Does the phone memory & RAM affect the loading speed of Google Maps?

I'm using an older Android phone that only has 1GB of RAM and 1.3 GB for internal storage (already full). I've noticed that Google Maps takes a long time to load and get going when I hit "Navigate" from both the Uber and Lyft apps.

This is annoying because once I start the ride, if I don't know where the destination is exactly, I have to ask the passenger if we're going left or right, etc. because Google Maps is still loading. And if I seat still until GMaps loads completely, the passengers get testy because the ride has already started. 

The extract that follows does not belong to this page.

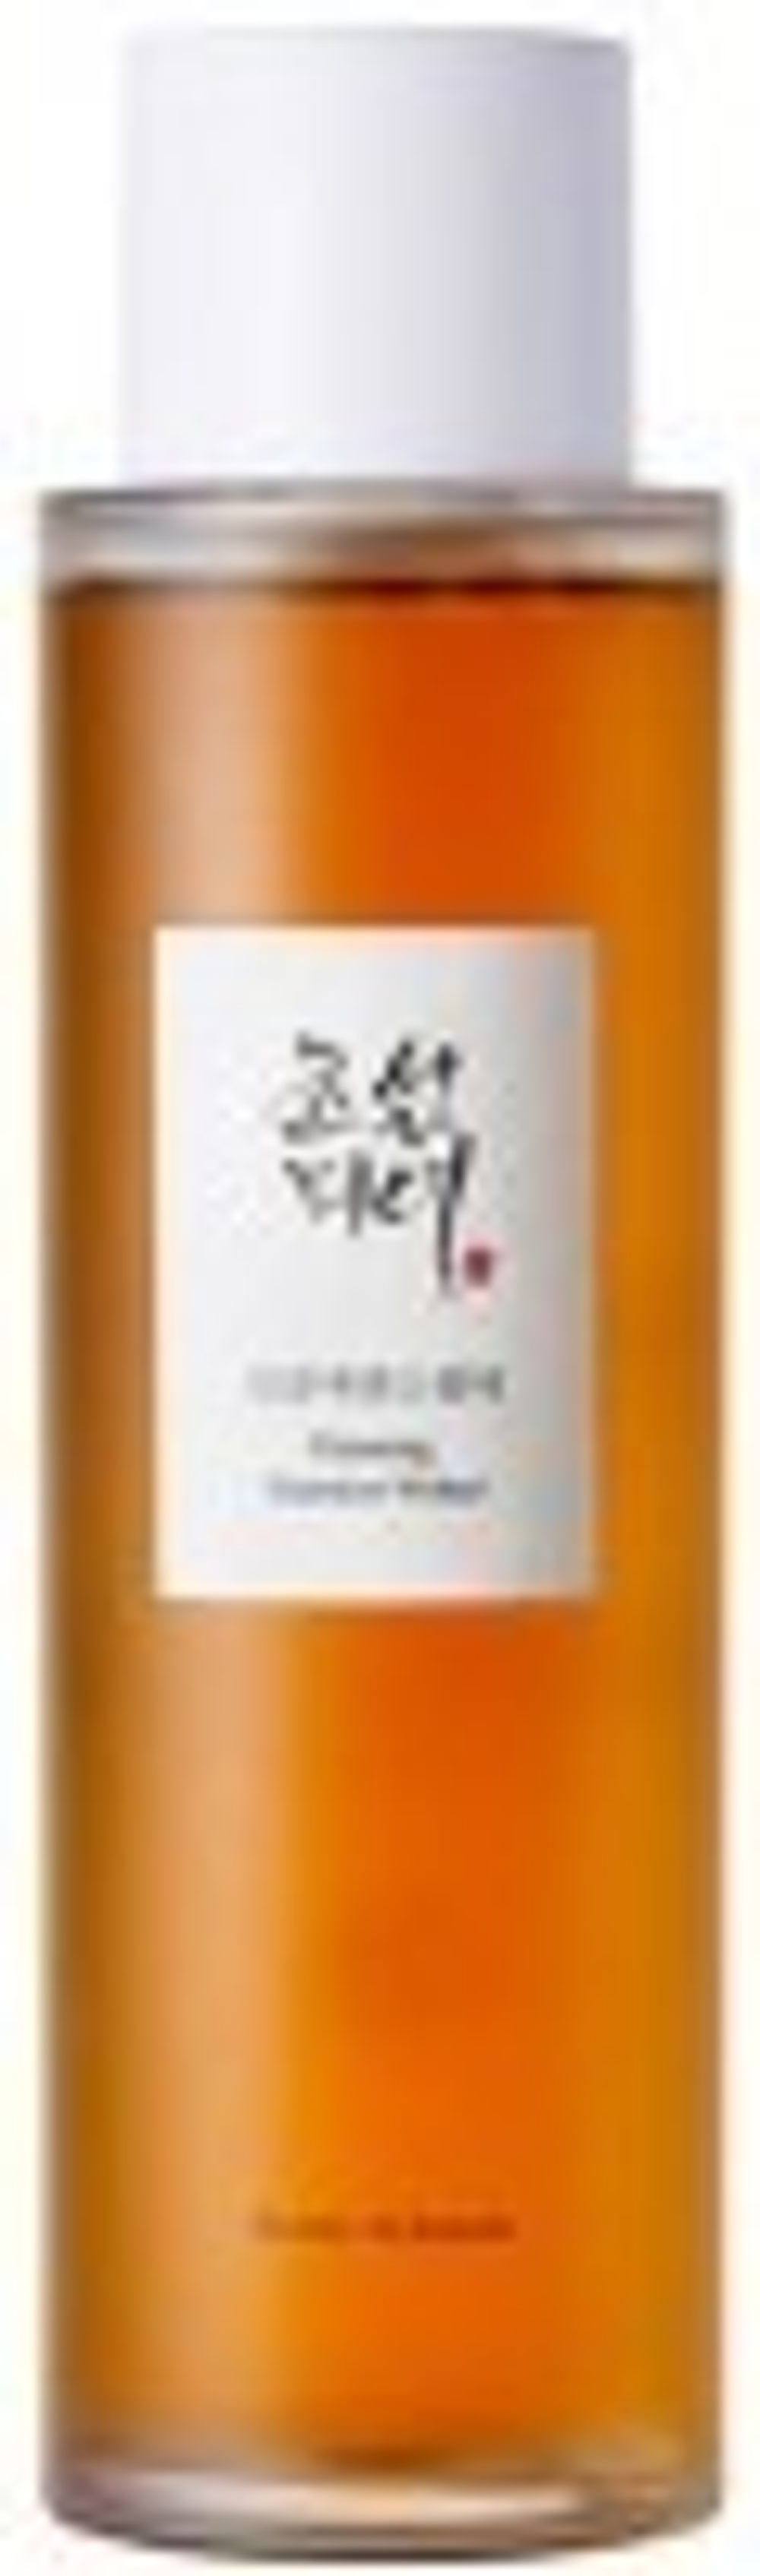 Эссенция с женьшенем Beauty of Joseon Ginseng Essence Water, 150 мл

So my question is, will a new phone with better RAM & Memory capacity speed up Google Maps, or is this loading problem an issue with the apps? Does Google Maps load right away for you, and if so, which phone are you using?

Thanks for any input.


----------



## LAuberX (Jun 3, 2014)

Yes, your phone is slow... I used a cheap LG phone until May that was a dog too, I am on Tmobile with a sim card so I bought a new Motorola G LTE from Motorola's website

MUCH better / faster, around $240.00 shipped to my door. I own it outright, no contract.


----------



## Jay2dresq (Oct 1, 2014)

Last week I just got a HTC One M8 on Amazon for $50, on AT&T's website it was $200. Only took 2 days to arrive via UPS. Its a lot of phone for the money. I don't know if I'll ever order another phone straight from AT&T again.


----------



## Fauxknight (Aug 12, 2014)

I bought a mid grade no contract, the LG Volt. Runs everything pretty smoothly, I figured any newer phone should be able to handle it, but I did avoid the $50 phones just in case they were a little underpowered. $150 for the phone and $35/mo for no contract unlimited data under Virgin...nice than the Uber phone and cheaper than what they are charging.


----------



## sdrivingman3122 (Nov 18, 2014)

hi kassie, yes you need a fast phone to switch between apps and google maps or waze. 2 gb or 3 gb memory. i'm using nexus 5

my recommendation for android is moto x 2014 or nexus 5. I had a 2014 moto g but 1gb of memory and the phone was too slow for me. I actually lost customers because i was getting notified late!


----------